Até um antigo ministro de José Sócrates decidiu ouvir. Um deles que, enquanto se manteve no Governo daquele ex-primeiro-ministro, não previu antecipadamente o que veio depois a acontecer e deixou que tudo chegasse até às últimas consequências, desculpando-se já no final com a resistência do então primeiro-ministro. Manteve-se no lugar até às consequências que ele poderia prever vindo depois a desculpabilizar-se e a tentar distanciar-se da insolvência que também ajudou a construir. Se tudo estava, há muito, a ser mal conduzido na política financeira com que não concordava então porque não pediu ele a demissão e abandou o cargo em devido tempo.
Mas, voltando ao Presidente da República, à parte os partidos e os Secretários Gerais das centrais sindicais, de todos os outros que foram ouvidos Cavaco Silva sabia que lhe dariam as respostas que ele queria ouvir. É a tal visão de pensamento único a que, em "posts" anteriores, me tenho referido. Foi uma fila de personalidades, únicos detentores da verdade e circunscritos ao pensamento cavaquista, isto é, a uma espécie de "união nacional" e defensor dum "nacional-neoliberalismo" no falso pressuposto de que não há alternativa. Sou pela iniciativa privada que é o motor fundamental da economia mas sem os fundamentalismos do neoliberalismo que se quer impor a todo o custo e à custa de alguns.
Resta perguntar porque será que Cavaco Silva não convocou o Conselho de Estado onde poderia ouvir várias sensibilidades.
***
Apenas uma nota final para recordar a quem esteja esquecido que neoliberalismo é um sistema económico e ideológico que defende uma intervenção mínima do estado na economia, limitação do protecionismo, privatização de empresas estatais. apenas os ativos, ficando a maior parte das vezes os passivos na posse do Estado. O mercado autorregula-se com total liberdade. Argumentam a favor de quanto menor a participação do Estado na economia melhor para todos na via de um Bem-Estar Social para todos (?) ao mesmo tempo que elimina subsídios. Esse tipo de pensamento pode ser representado pela privatização de tudo, deixando à revelia o mercado num sistema do salve-se quem puder. Tivemos a experiência neoliberal de Thatcher nos anos 80 e, mais recentemente com George W. Bush nos EUA que abriu caminho para a crise financeira internacional com a falência do Lehman Brothers. Dizia ele então: "Eu acredito muito na livre iniciativa, por isso o meu instinto natural é se opor a intervenção do governo. Eu acredito que as empresas que tomam más decisões devem sair do mercado. Em circunstâncias normais, eu teria seguido esse curso. Mas estas não são circunstâncias normais" e confessava: O mercado não está funcionando corretamente. Houve uma perda generalizada de confiança, e grandes setores do sistema financeiro da América estão em risco."
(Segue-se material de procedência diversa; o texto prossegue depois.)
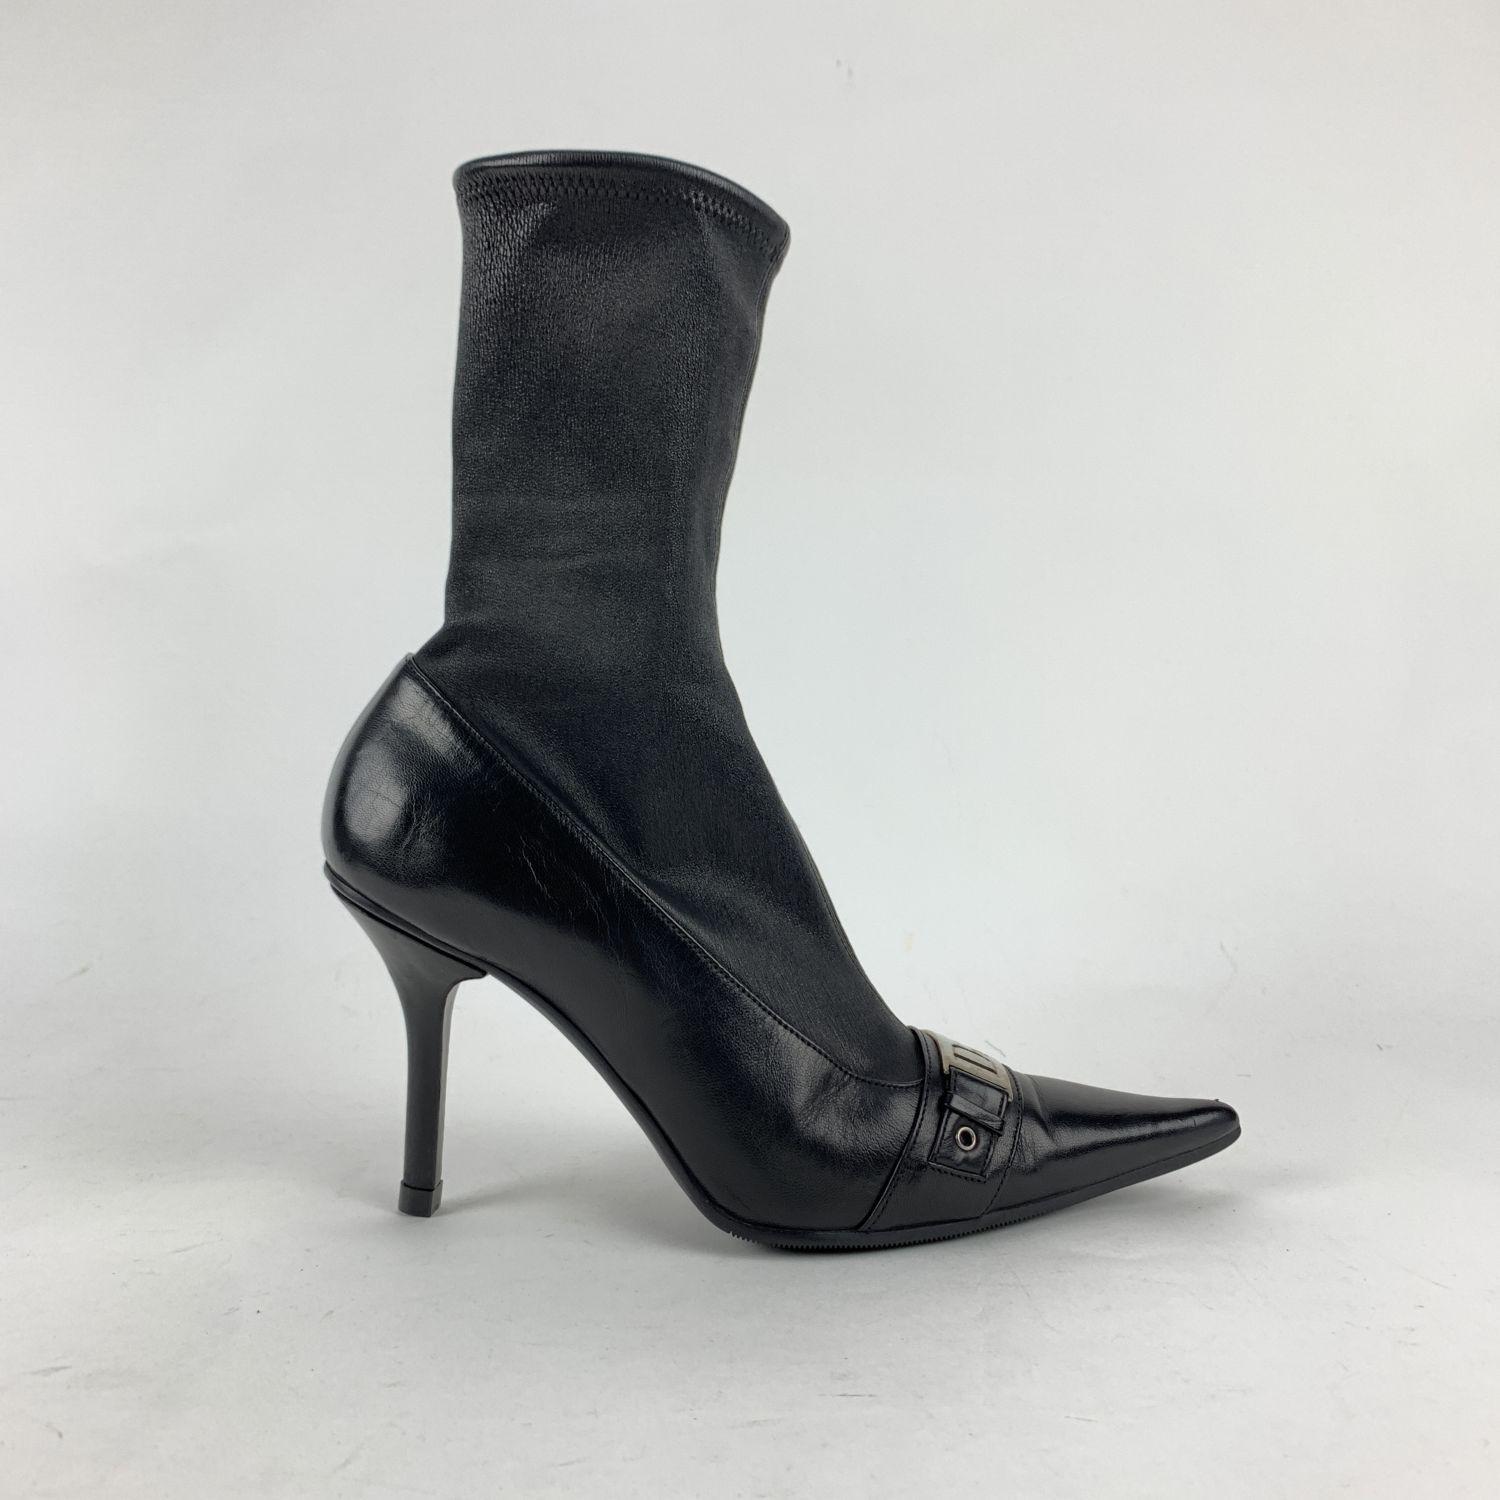 Christian Dior sock boots crafted from stretchy black leather that gently hugs your foot and ankle. Stiletto heels. Pointed toe. Silver metal cut-out logo buckle on the toes. Heels height: 4 inches - 10,2 cm.  Made in Italy.  Size is not indicated.

O discurso tinha por objetivo de explicar aos americanos o porquê de o governo enterrar 700 mil milhões de dólares numa semana para socorrer bancos à beira da falência. Será que não podemos tirar ilações?
Ao longo do mandato do XVIII Governo Constitucional, o Presidente da República Cavaco Silva, agora confirmado pela sua última intervenção em que anunciou dar posse à coligação PSD+CDS revelou ser de um sectarismo feroz e um desprezo absoluto por mais de 18,46% dos eleitores portugueses (994.833). Para Cavaco Silva é como se não existissem, são marginais, devem até ser punidos. Este é um pensamento fascizante que há muito tinha deixado de existir mas que ele ressuscitou. Não está em causa, visto partido a partido, a maioria de votos obtidos nas eleições pela coligação de direita PSD+CDS com 38,34% (2.062.513 de eleitores). O PS obteve 32,38% (1.742.012 de eleitores). É legítimo entregar a formação do Governo a quem teve maios votos.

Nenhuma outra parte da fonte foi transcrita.